農林業での鳥獣被害は深刻です。
鹿も、被害を生む動物のうちの一種です。
鹿の場合、農林業だけでなく、自動車の交通事故の原因や鉄道交通に対する障害にもなっています。
鉄道関係者の間では鹿がレールを舐めに来るということが知られていました。
レールを舐めることでミネラル分補給していたわけです。
これをヒントに、熊本県の水俣市で、食塩水でニホンジカをおびき寄せるという実証実験が行われていました。
2022年の6月、9月、11月の3期に食塩水を設置し、2023年の10月まで、自動撮影の映像で鹿を観察しました。
結果は、メスが1009回のみに来たのに対し、オスは147回でした。
これは、春から夏にかけてが鹿の出産と授乳期にあたり、メスの鹿がミネラル分を補給しようとしていることが原因のようです。
これにより、食塩水により、メスの鹿をおびき寄せることができるということがわかりました。
つまり、この方法でメス鹿を捕獲すると、鹿の個体数を減らすことができるということになるのです。
鹿による害獣被害の防止策として注目されています。
人間にとっては、取り過ぎに注意しなければならないといわれている塩分ですが、動物にとっても必須のミネラル分であるというのは共通のようです。

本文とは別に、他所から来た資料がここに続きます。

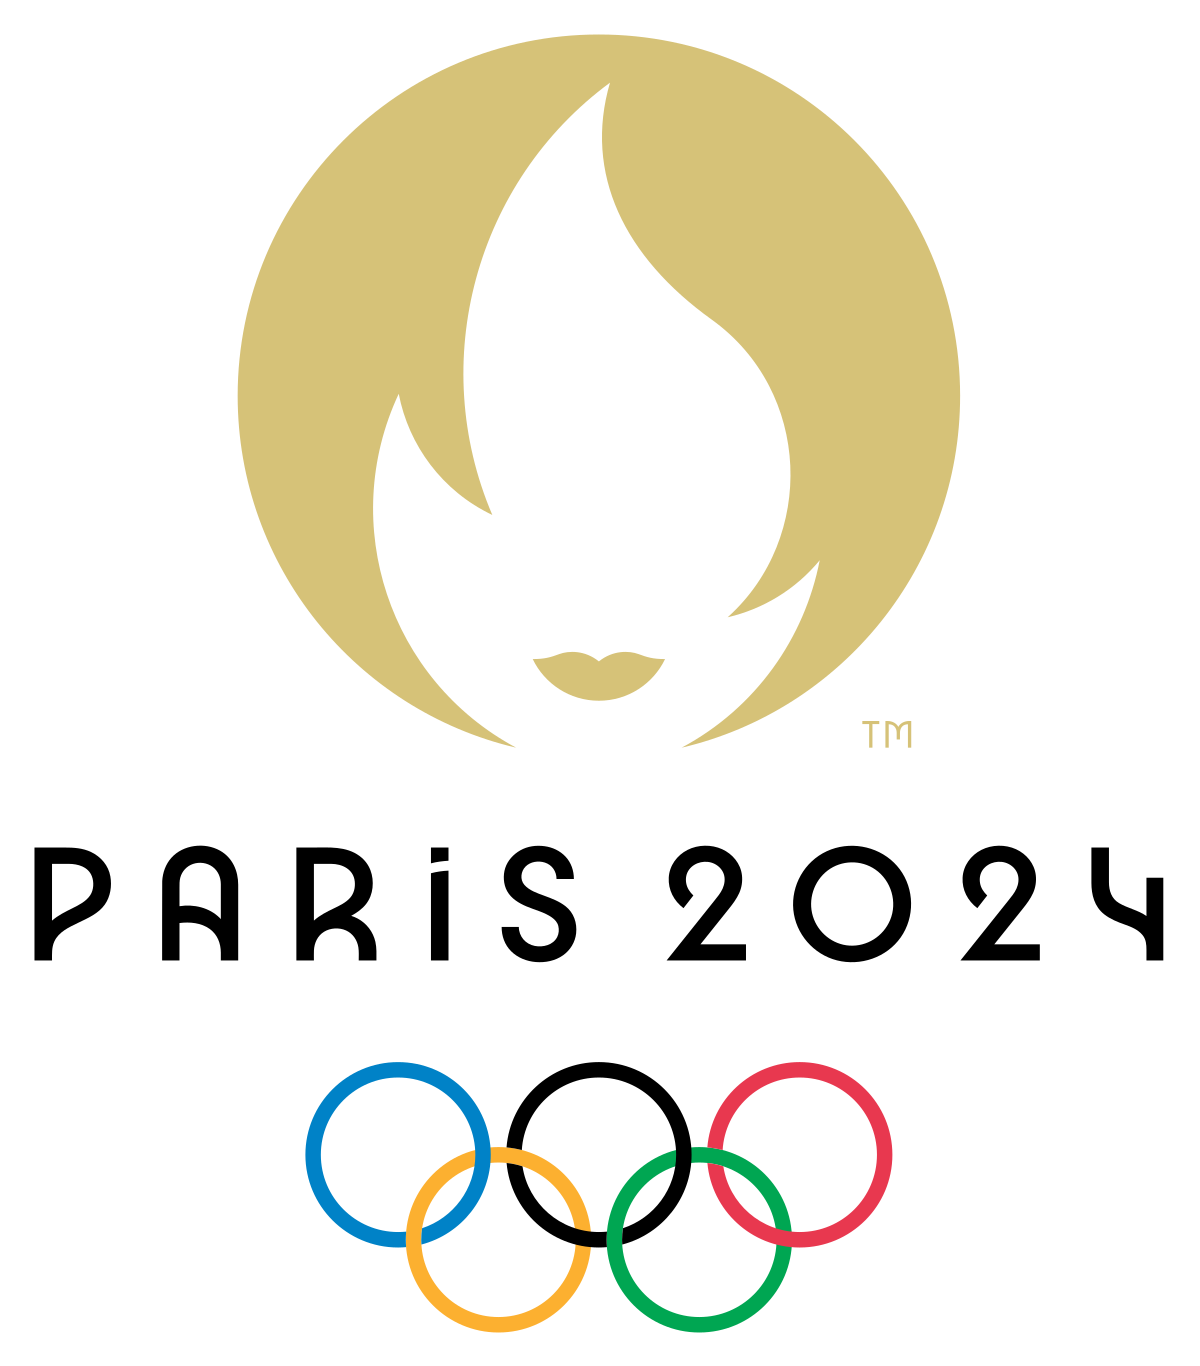 LOGO Paris - Olympische Spiele 2024

人間でも大量に汗をかく場合には、積極的に塩分を摂取する必要があります。
ニホンジカの場合、もともとお乳のナトリウム濃度が高いため、授乳中の鹿は、積極的に塩分を補給する必要があるのです。
今回、食塩水でニホンジカのメスを選択的に捕獲できることがわかり、シカの個体数をコントロールする手段として期待されています。